Es enorme la inhibición que
padecemos por culpa de una realidad psicológica adversa.
En el video asociado a este
artículo utilizo como ejemplo la tragedia que sufren los niños cuando nace un
hermano que viene a invadirle el territorio que imaginaba propio y, peor aún,
viene a compartir el amor de los padres y hermanos mayores.
Los humanos entendemos que el
amor es algo tan indivisible como una roca. Imaginamos que si alguien tiene ese
trozo de roca, nadie más puede tenerlo. Ocurre con un trozo de roca, con un juguete,
con la cama, con la ropa, con el cónyuge: suponemos que si alguien le entrega
su amor, único e imaginariamente indivisible, a una persona, ninguna otra puede
recibir el mismo amor.
Claro que esta definición de
lo que es el amor no permite explicar cómo es posible querer a varios hijos, a
varios amigos, a los dos padres.
El hecho es que los humanos
nos equivocamos: podemos querer a varias personas a la vez, sin que unos se
vean perjudicados por los otros. Podemos amar a uno o a diez sin que eso
disminuya la cantidad de amor que recibe el único o cualquiera de los diez.

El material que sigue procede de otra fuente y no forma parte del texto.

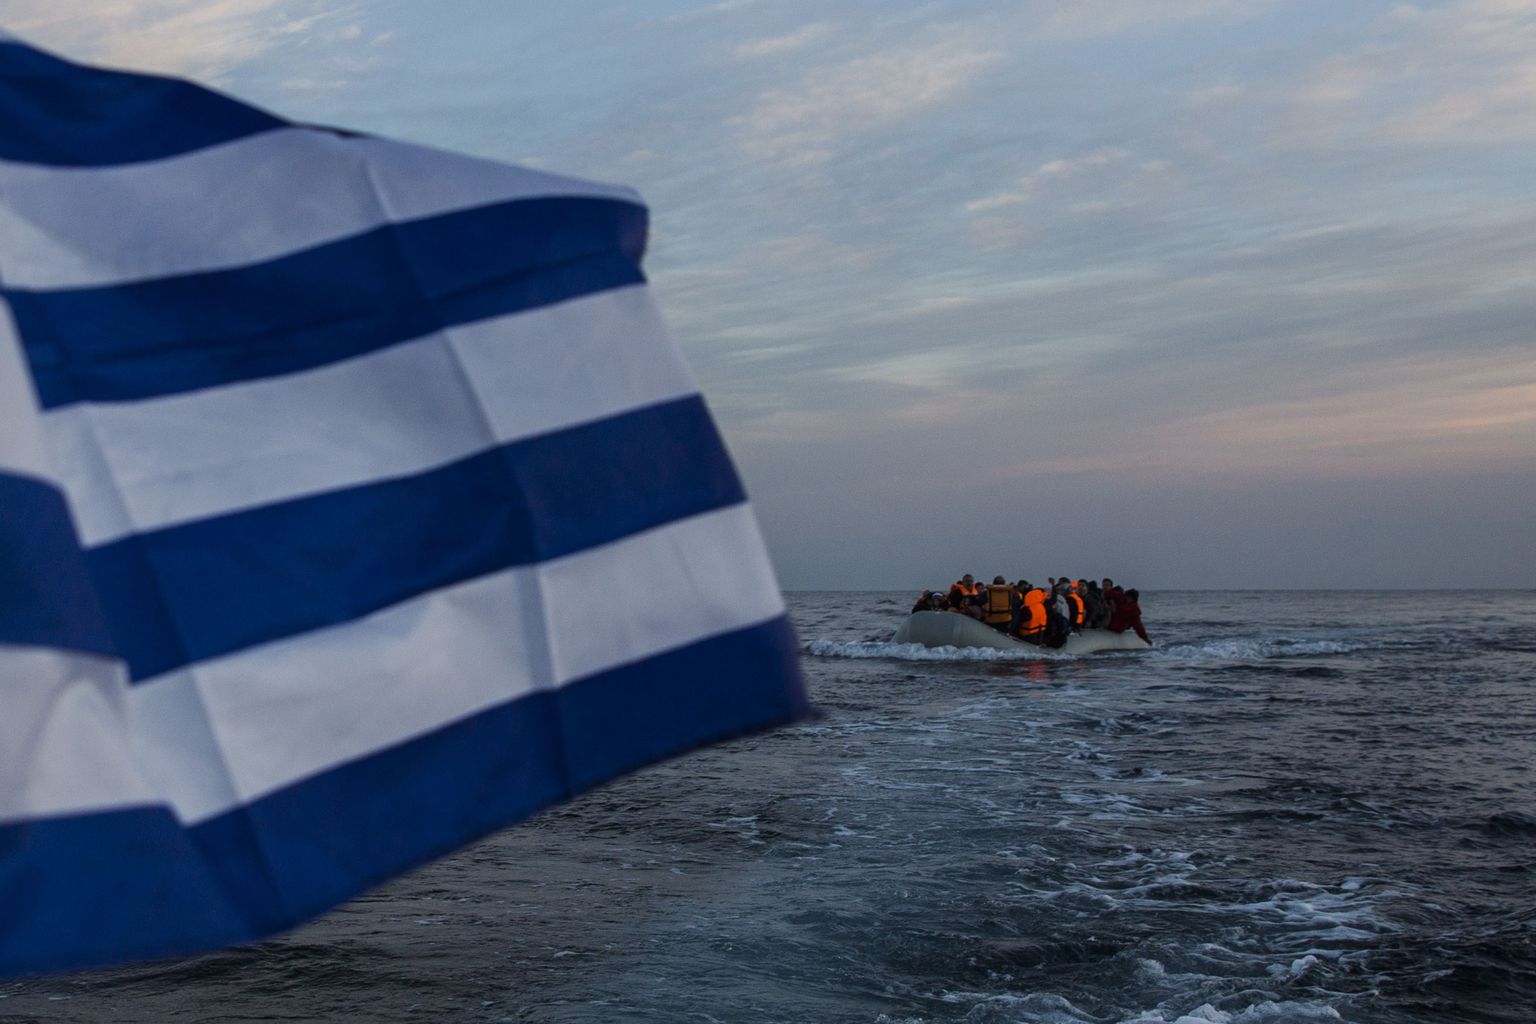 Kreeka lipp päästelaeval, mis jälgib migrandialuse teekonda Egeuse merel Türgist Kreeka Lesbose saarele.

Pero el núcleo del tema es
otro.
Cuando imaginamos que nuestra
vida sería terrible si naciera un hermano, padecemos todas las penurias que
podamos imaginar. Por ejemplo, imaginamos 28 desgracias posibles (que nos
invada el dormitorio, que nos robe los juguetes, que todos lo quieran más a él
que a nosotros, que sea muy fuerte y nos castigue, que sea un asesino y nos
mate, que sea diabólico y nos maldiga, y miles de otras amenazas más). Esa es
la realidad psicológica: atormentadora porque contiene la cantidad de
infortunios que la imaginación pueda crear.
Por el contrario, cuando nace
un hermano tenemos una única realidad; nos salvamos de las otras 27 que
hubiéramos imaginado sin este nacimiento.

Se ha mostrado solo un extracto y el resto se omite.